The chapter, then, will do three things in particular. It will draw attention to the presence of India and Asia and how these were represented in various biblical books; provide examples of the exchange of both commercial commodities and cultural products, such as myths, stories, and religious concepts, that took place between India and the biblical world; and explore the possibility of Eastern religious thought, especially the alleged influence of Buddhism, on the New Testament. It will conclude with a consideration of some of the hermeneutical implications surrounding the potential influence of Eastern religions on the emerging Christianity.

Asia in the Bible

I begin by listing instances where Asia and India have been mentioned, first in the Hebrew scriptures, then through the intertestamental writings, the New Testament, and other books that are left out of the canon.
One of the earliest biblical writings to mention India is the Book of Esther. It has two references. The first appears in the opening verse of the book: “This happened in the days of Ahasuerus, the same Ahasuerus who ruled over one hundred twenty-seven provinces from India to Ethiopia” (1:1 New Revised Standard Version [hereafter NRSV]).

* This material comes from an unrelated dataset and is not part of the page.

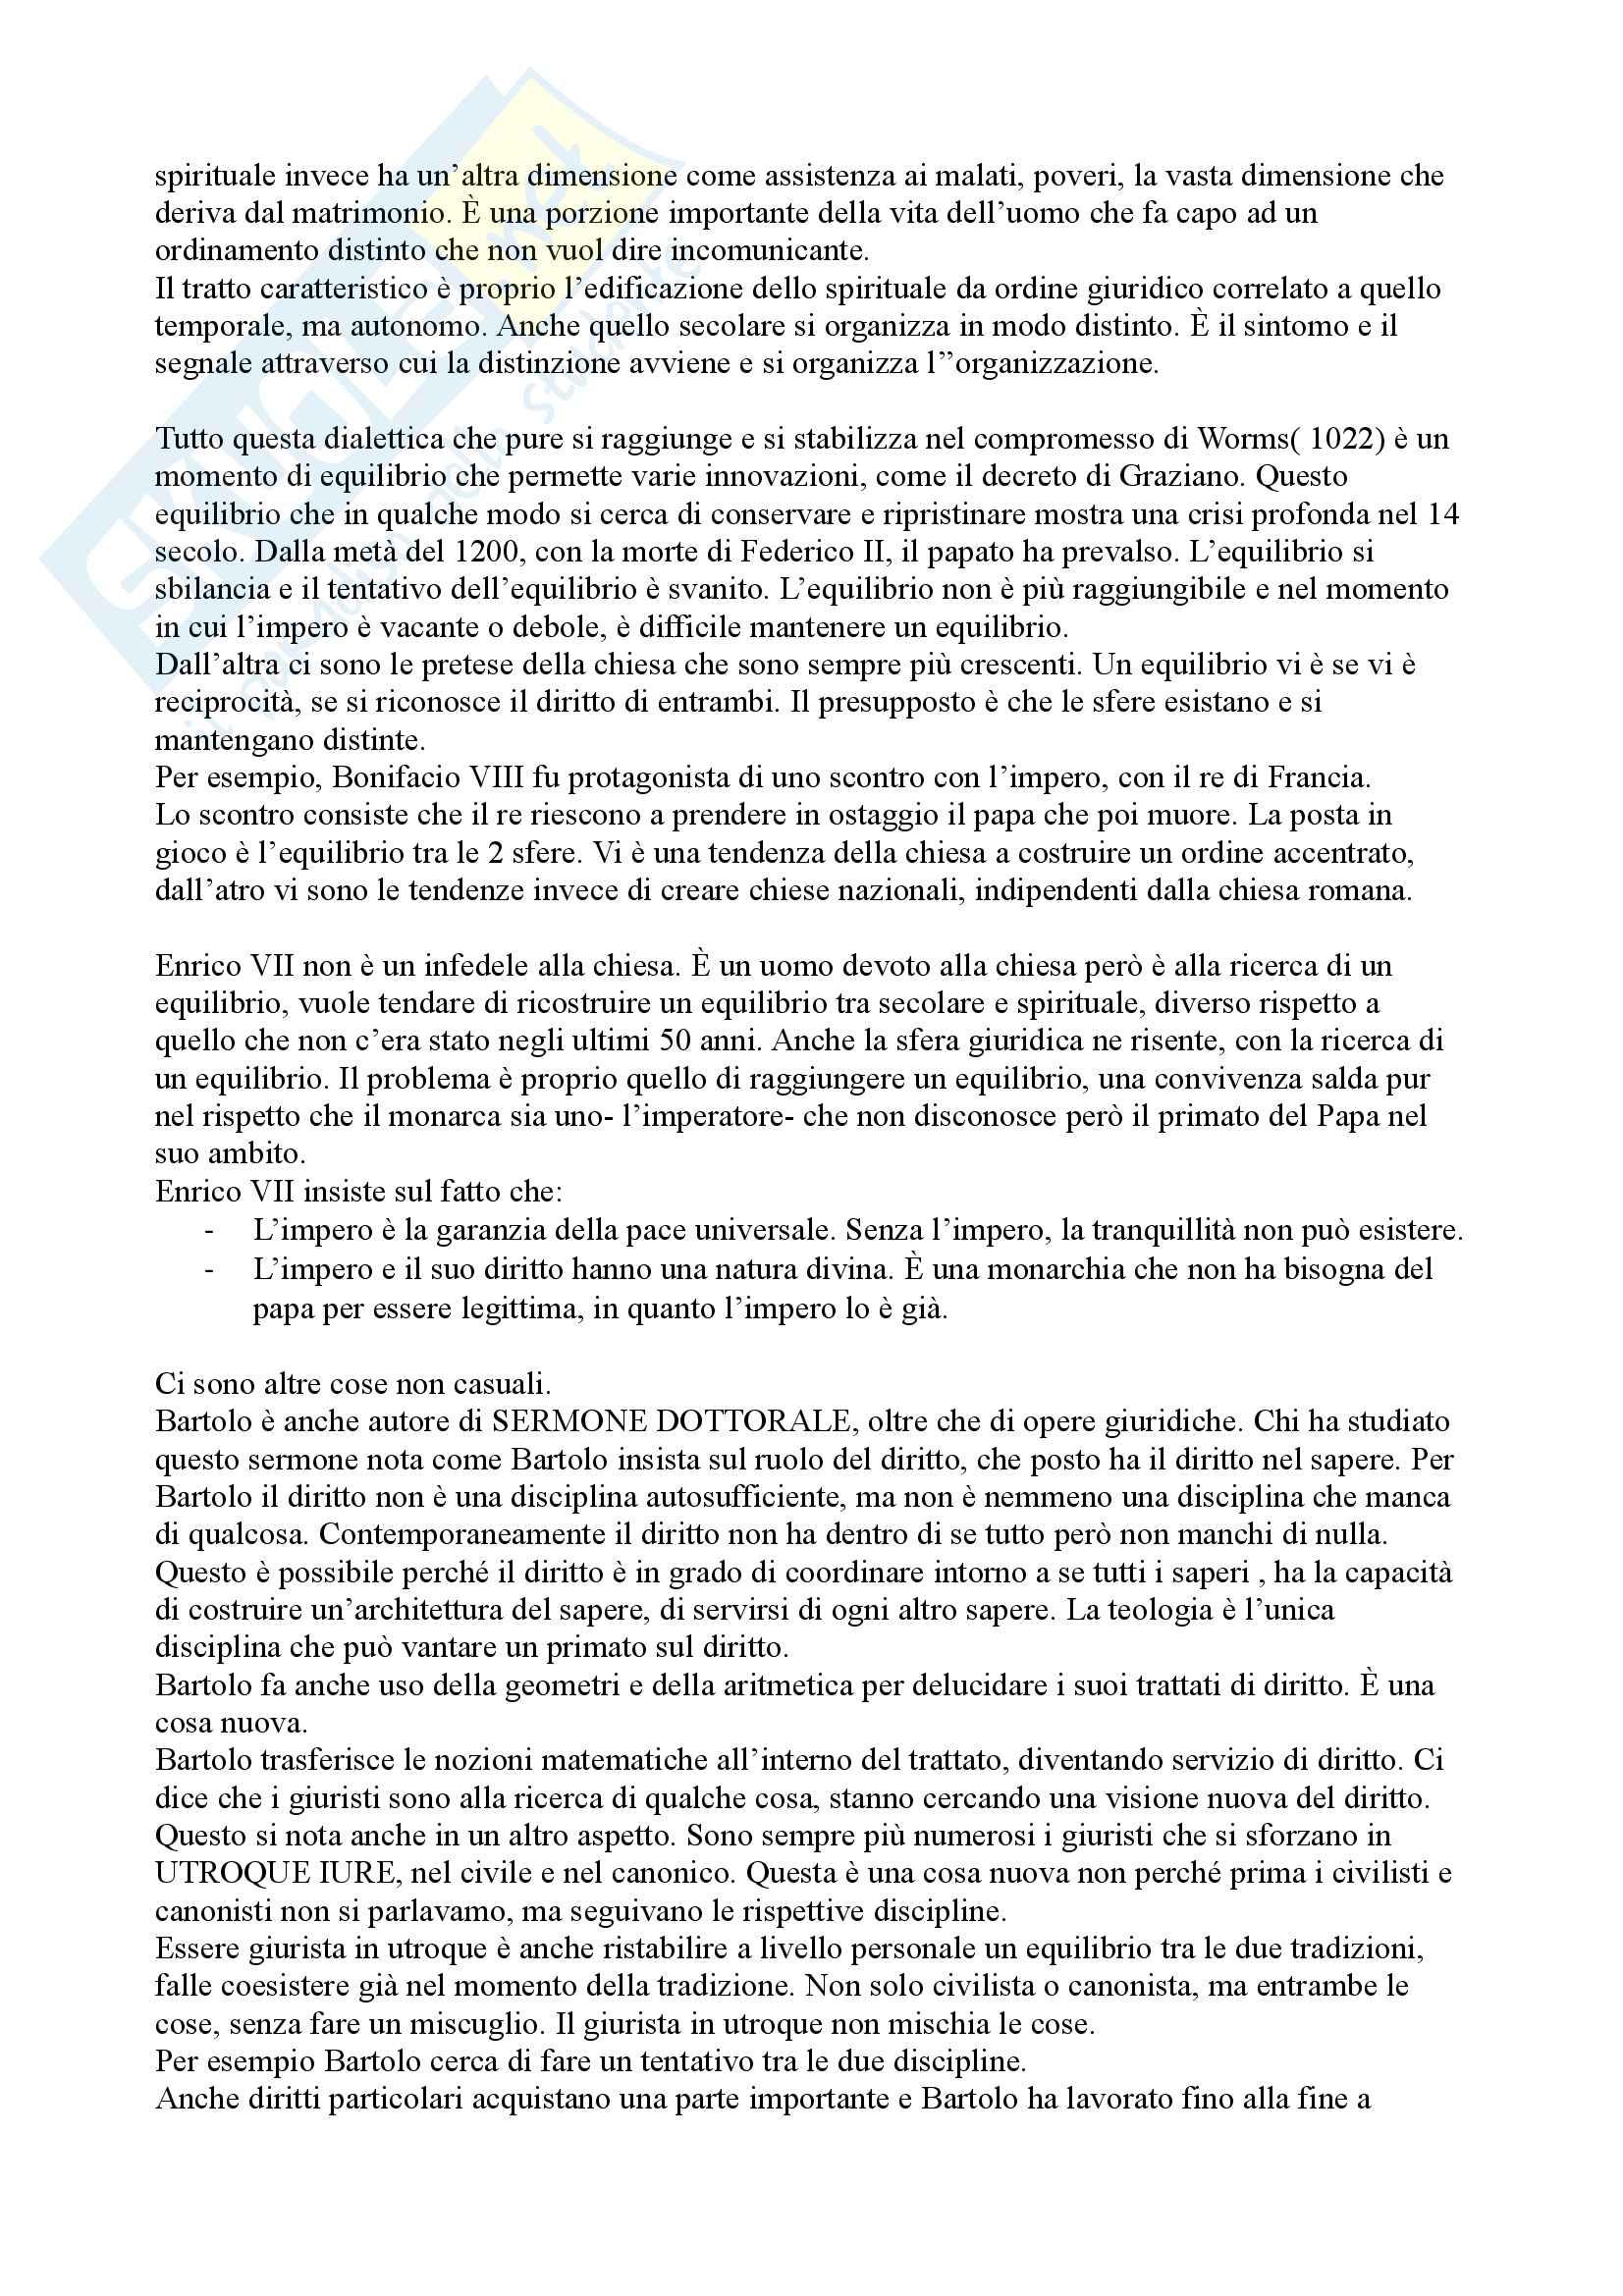 Appunti lezioni prof. Marchetto e Zendri Trento Unitn A/L 2016 Storia del diritto medievale e moderno 1 Pag. 81
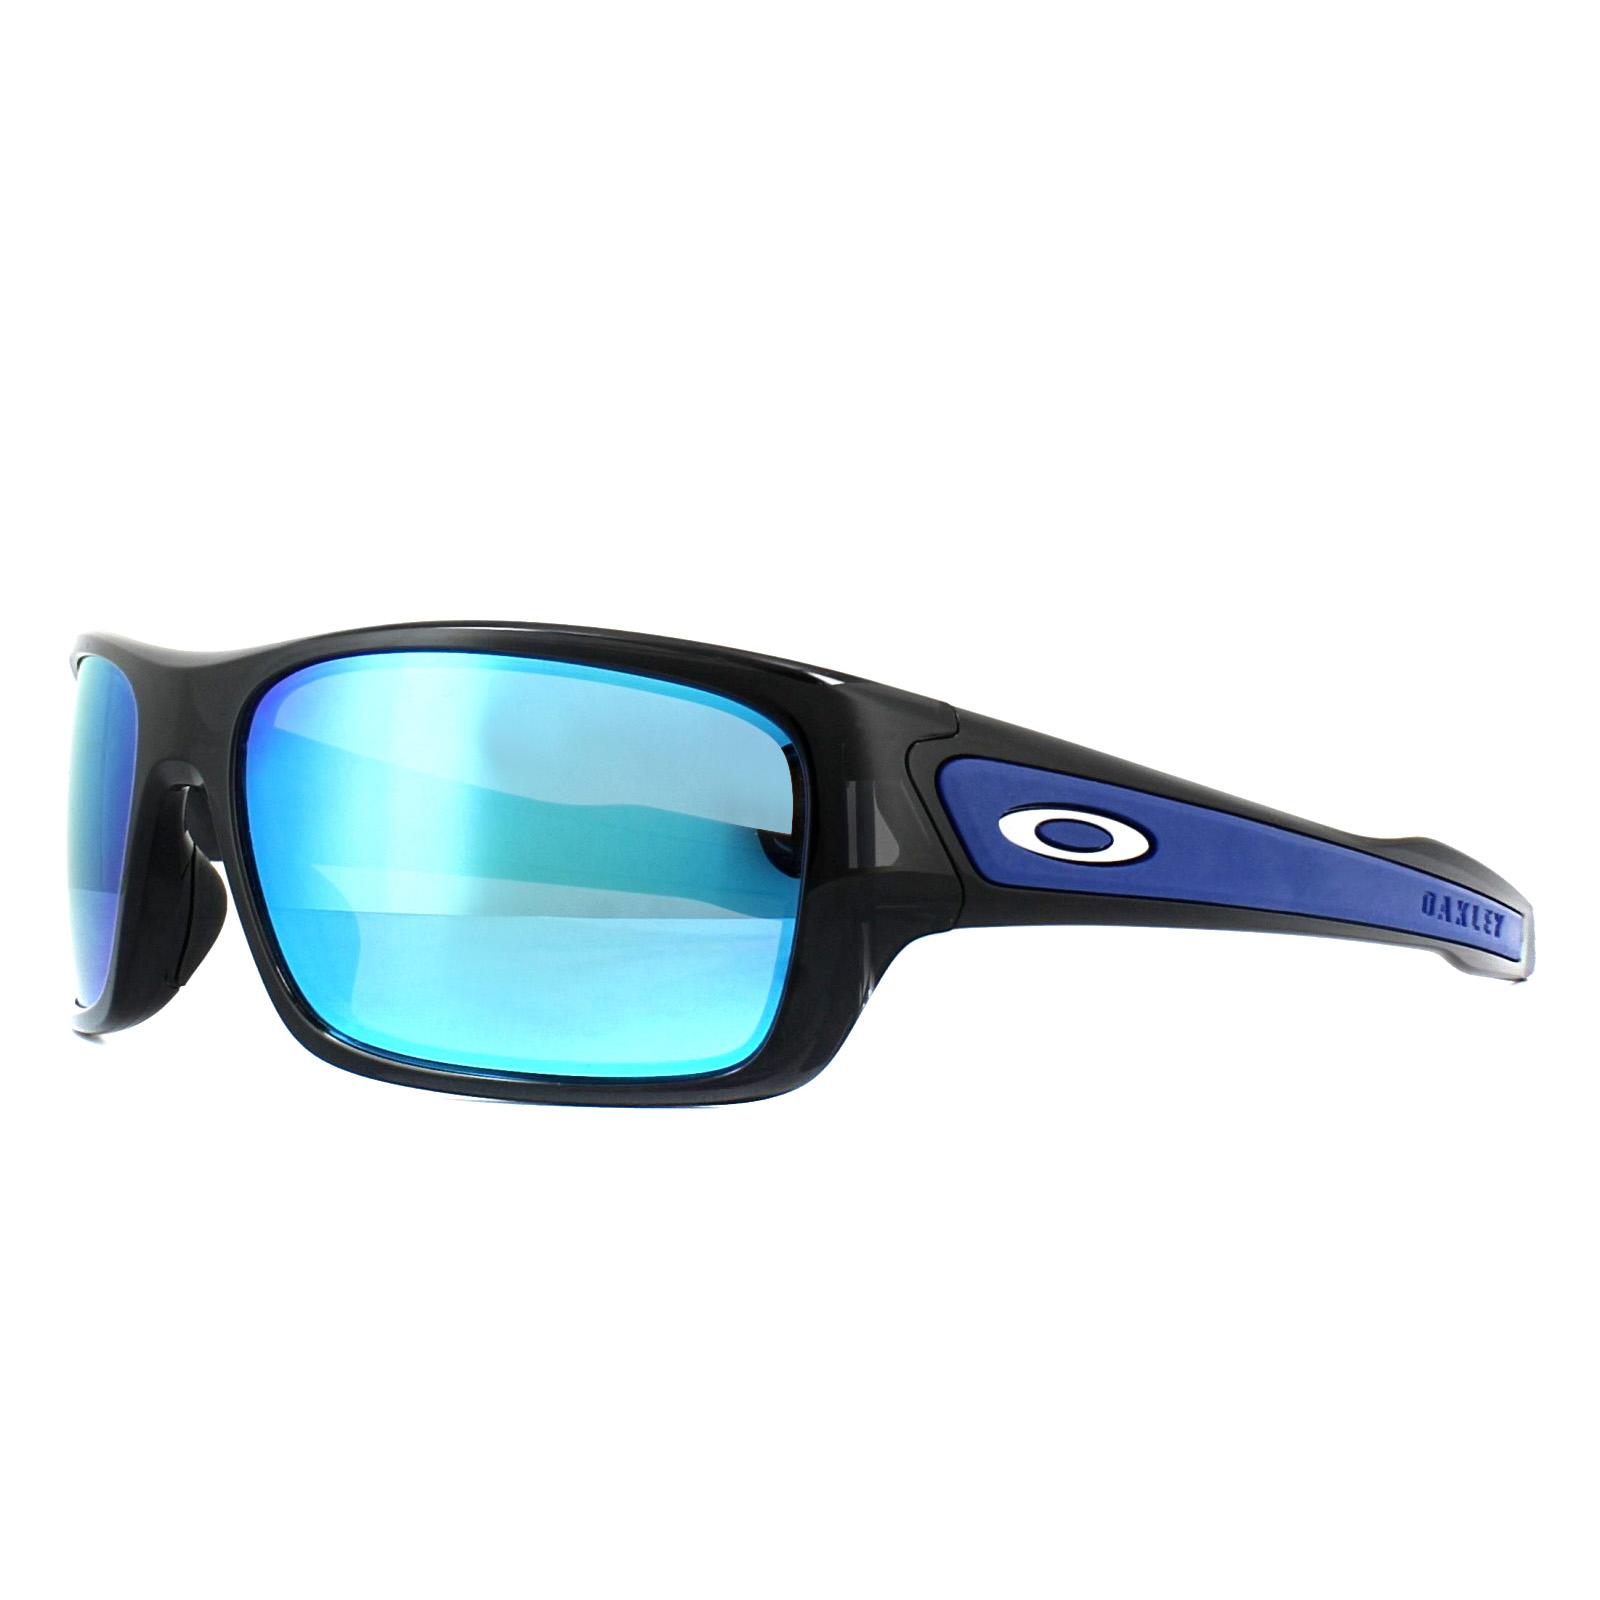 36fcdde3fa2b Sentinel Oakley Sunglasses Turbine XS Youth Fit OJ9003-03 Black Ink  Sapphire Iridium

The other occurs as part of an edict: “The king’s secretaries were summoned at that time, in the third month, which is the month of Sivan, on the twenty-third day; and an edict was written, according to all that Mordecai commanded, to the Jews and to the satraps and the governors and the officials of the provinces from India to Ethiopia, one hundred twenty-seven provinces, to every province in its own script and to every people in its own language, and also to the Jews in their script and their language” (8:9 NRSV). The purpose of mentioning India as the eastern border of the Ethiopian empire in Esther, according to Randal Bailey, is to indicate the power of the southern empires. Because the book of Esther was written during the Greek rule of Southern Syria, Bailey’s contention is that it could be an anti-Greek polemic that called attention to the superiority of southern nations over the north. Ethiopia and India are not just geographical markers but the benchmark against which Israel is evaluated.1
In the intertestamental period, the Books of Maccabees have a number of references to Asia and India. In these writings, Asia was used as a way of highlighting the might and dominion of the Seleucid empire:
They also had defeated Antiochus the Great, king of Asia, who went to fight against them with one hundred twenty elephants and with cavalry and chariots and a very large army. He was crushed by them. (1 Macc. 8:6 NRSV)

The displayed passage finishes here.